[Supplied material]
= Beginning of Section =
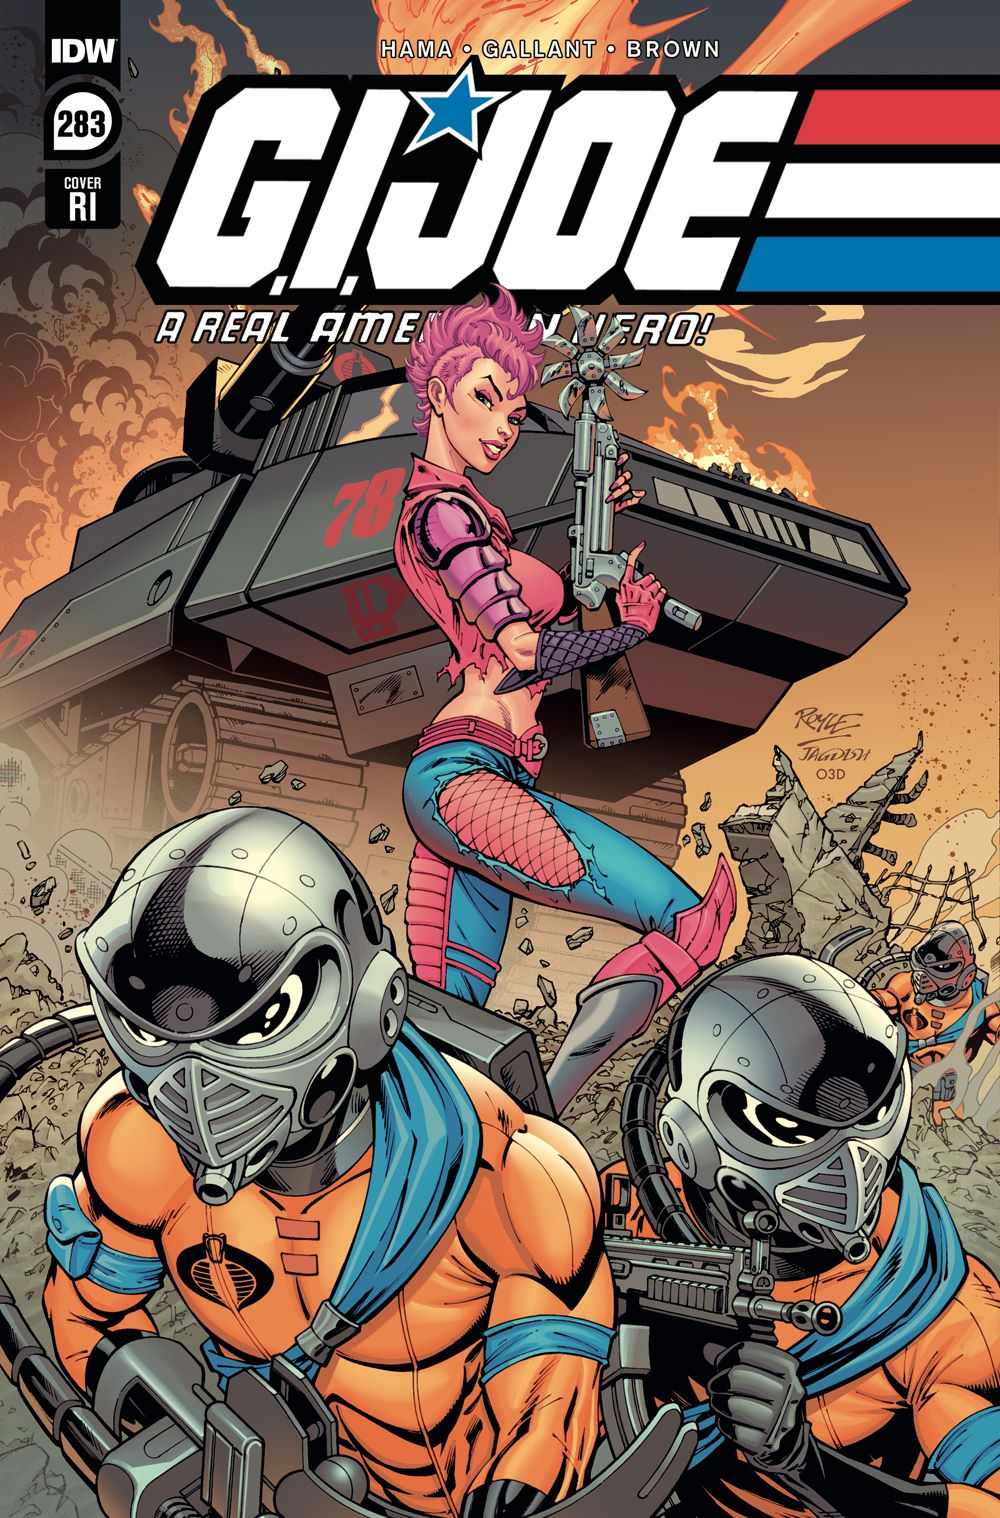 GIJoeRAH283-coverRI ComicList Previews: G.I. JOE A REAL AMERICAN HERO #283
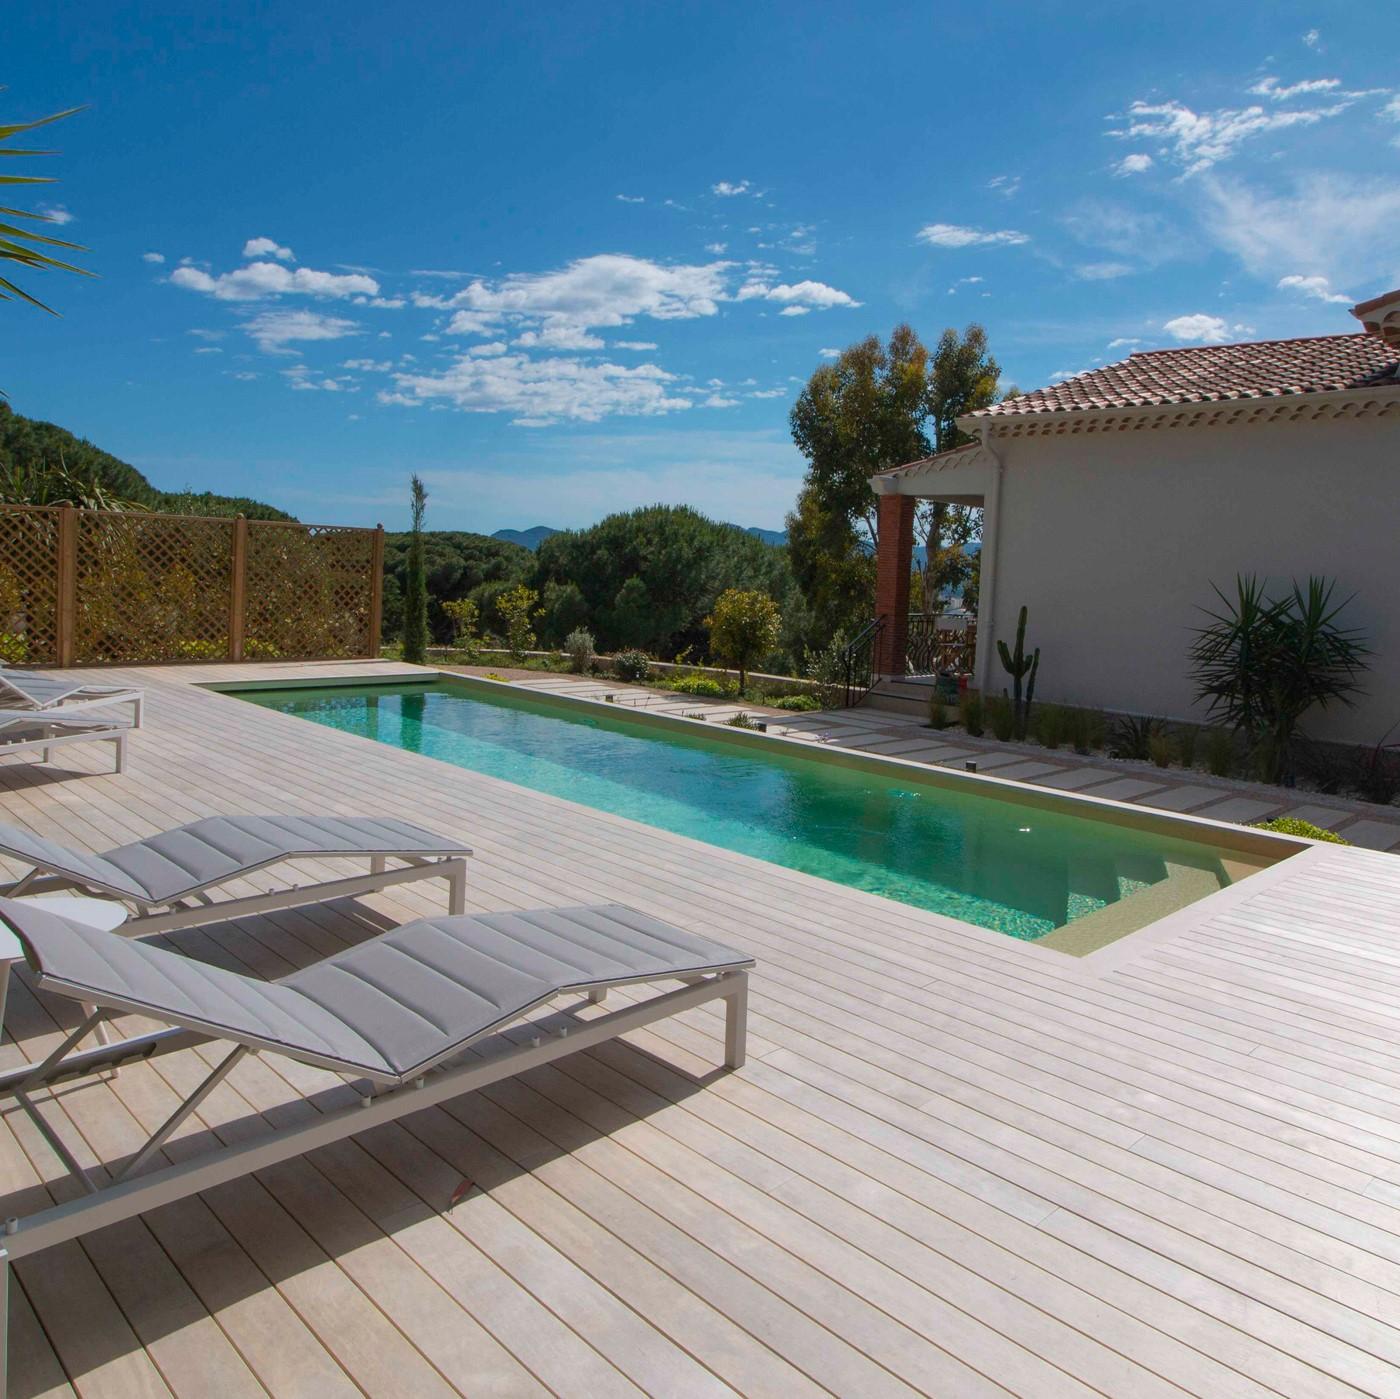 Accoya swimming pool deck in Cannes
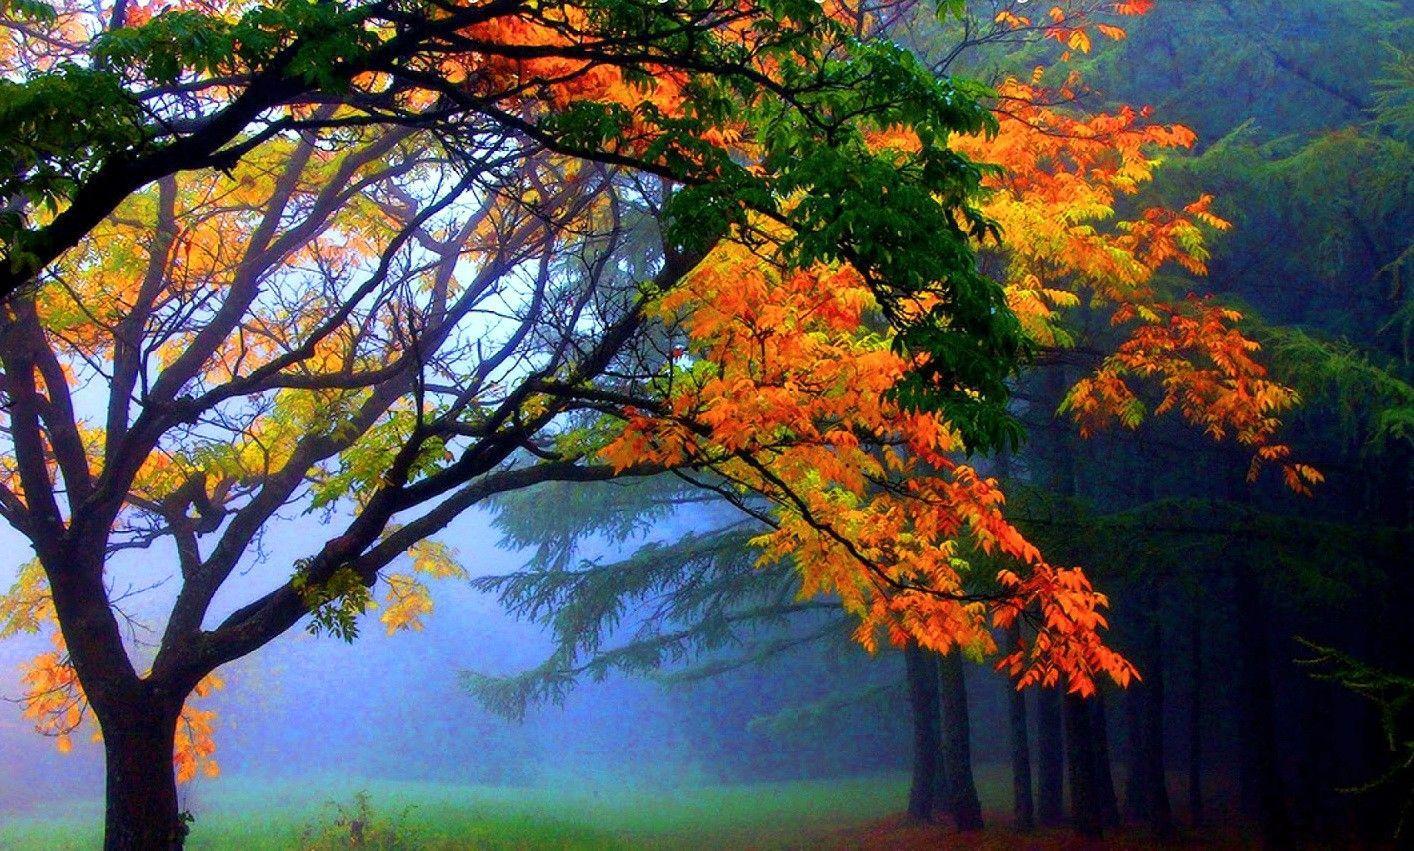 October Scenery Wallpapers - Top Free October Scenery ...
= End of Section =
[To do] For this exercise, retype the listing above word for word and omit the pictures.

[Solution for this problem]
 GIJoeRAH283-coverRI ComicList Previews: G.I. JOE A REAL AMERICAN HERO #283
 Accoya swimming pool deck in Cannes
 October Scenery Wallpapers - Top Free October Scenery ...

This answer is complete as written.